The way we connect with customers is changing. Kim Rae laxide Learn what brands need to do to take advantage of AI-enabled CRM tools.
Data is at the heart of a good AI-enabled CRM strategy, explains Le (Christiann Koepek/Unsplash)
Automation is firmly embedded in modern marketing, allowing organizations to manage and personalize marketing communications throughout the customer lifecycle. Brands can now send triggered communications based on customer behavior, but artificial intelligence appears to be taking this to a whole new level. By combining AI and market automation, marketers can identify customer behavioral patterns across multiple touchpoints and automatically personalize messaging content.
Many e-commerce brands are increasingly integrating marketing automation into their CRM strategies as a core driver of revenue, repeat purchases, and customer lifetime value. They are building automated lifecycle journeys that communicate with customers at key moments in their relationship with a brand. Importantly, advances in generative AI and machine learning are now enabling brands to automate highly personalized email experiences at these critical moments through CRM.
As consumer behavior and expectations change, CRM is expanding beyond email to managing multichannel, personalized communications across touchpoints that customers actually interact with, such as SMS and push notifications. However, email is still the backbone of CRM. Triggered email programs are often the best-performing campaigns in e-commerce CRMs because they directly respond to customer behavior.
Although AI enables advanced personalization, strong segmentation remains the core of an effective CRM strategy. This ensures that your messages are relevant to different customer groups, rather than treating all customers the same. Modern e-commerce segmentation, enabled by AI, increasingly incorporates behavioral and predictive data.
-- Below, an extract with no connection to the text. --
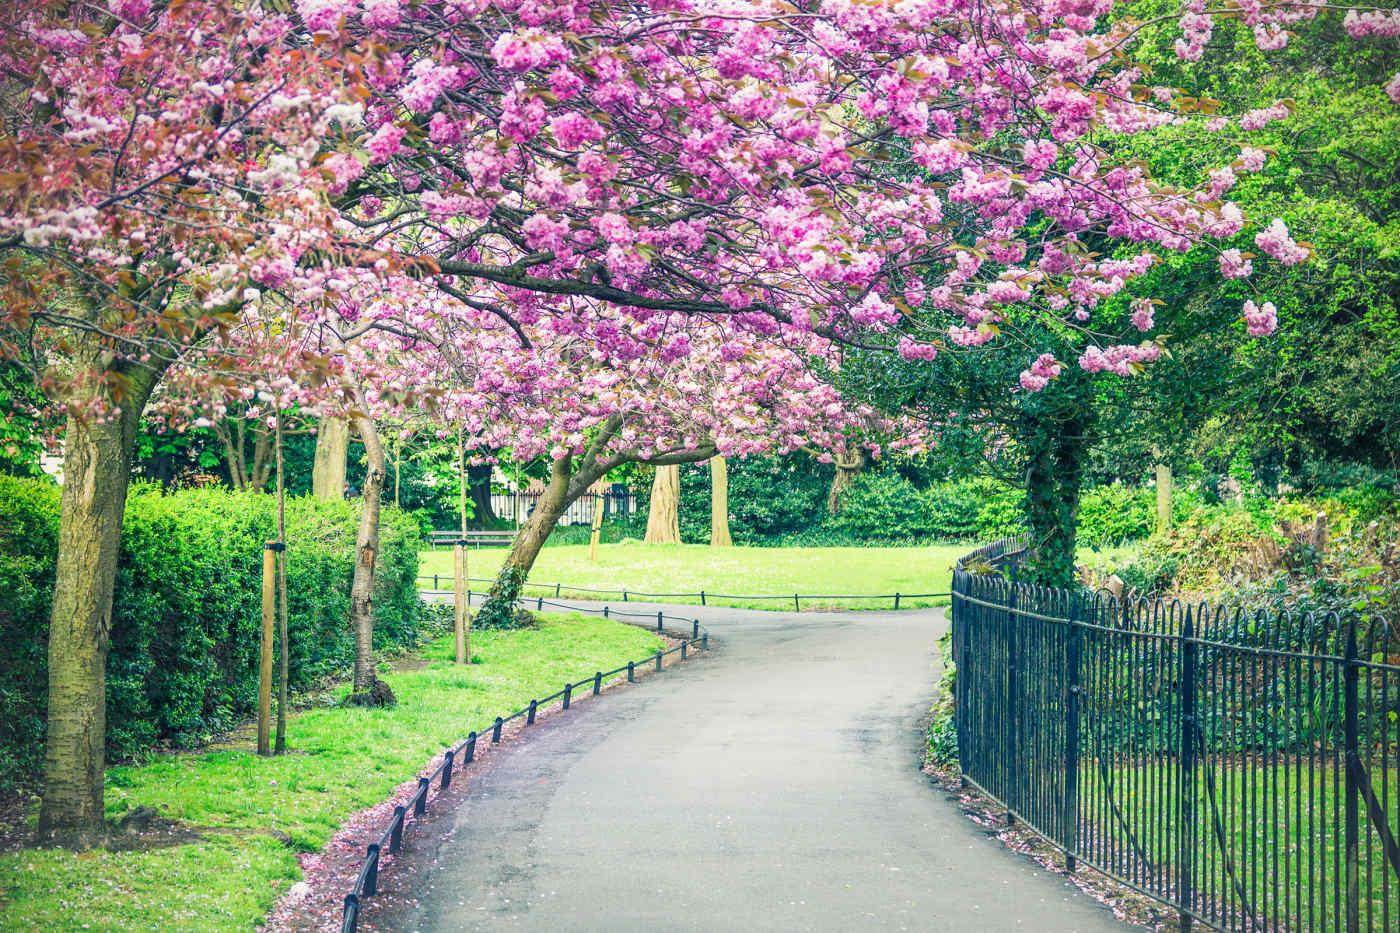 St Stephen's Green • Dublin, Ireland

Laying the foundation for effective segmentation means building the structure, data, and strategy needed to divide a broad audience into meaningful groups that can be targeted.
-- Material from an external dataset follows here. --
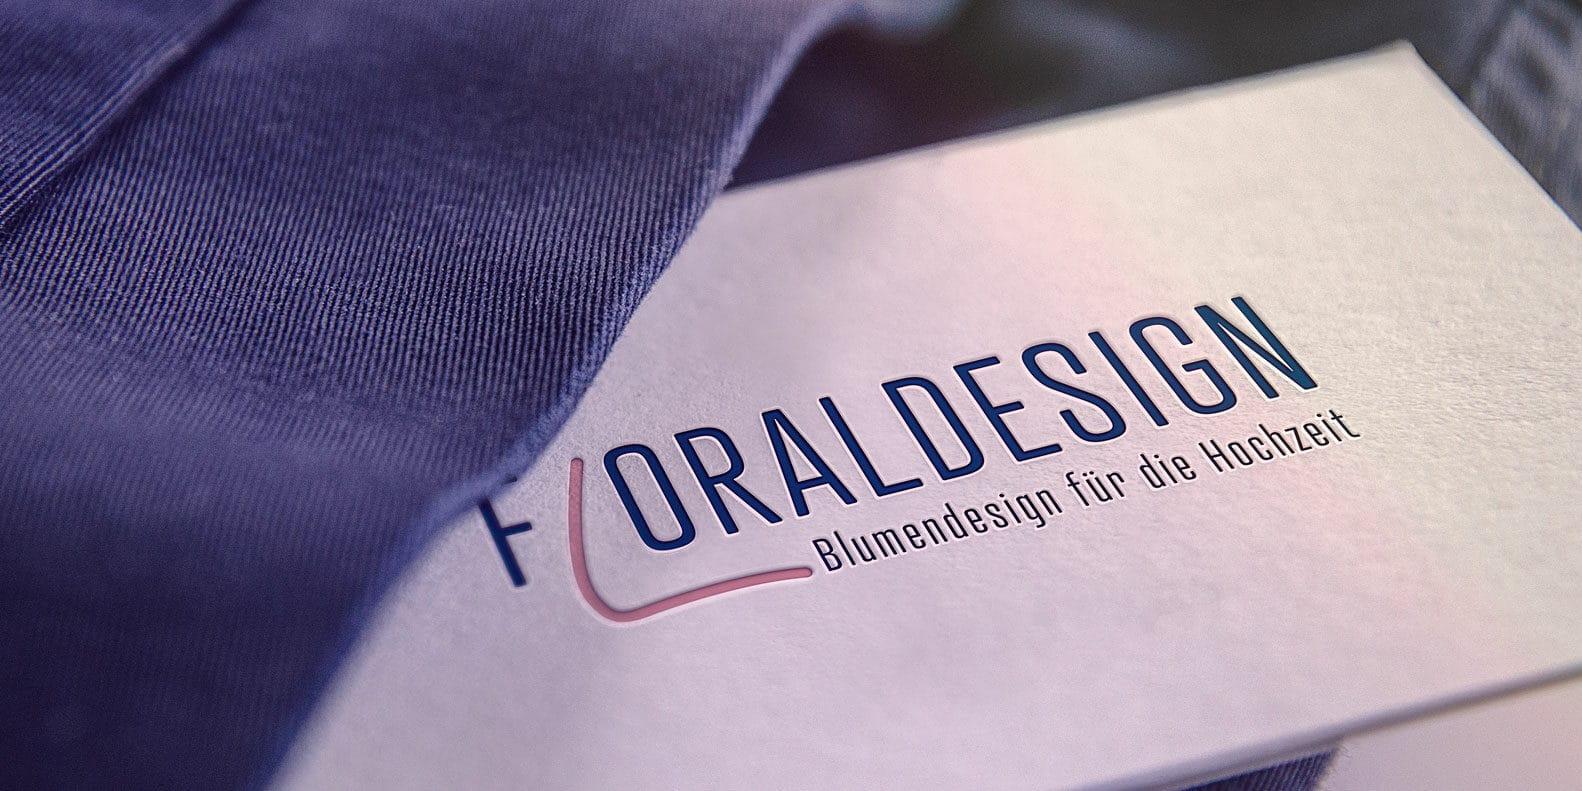 Visitenkarte mit dem Floraldesign Logo

These are five key steps to establishing that foundation.
Evaluate how data is integrated across data collection points and systems
Before you can personalize communications with CRM, you need to understand where your customer data comes from and how it’s connected.
Most e-commerce brands collect customer data across multiple systems, including e-commerce platforms, marketing automation and email tools, loyalty programs, and customer service systems. Without proper integration, these systems create data silos.
Reviewing your data collection points can help you identify where customer data is generated, how it flows between systems, and which teams have access to it. Many organizations are moving to a single customer view, where behavioral, transactional, and engagement data is unified to automate more precise personalization across channels.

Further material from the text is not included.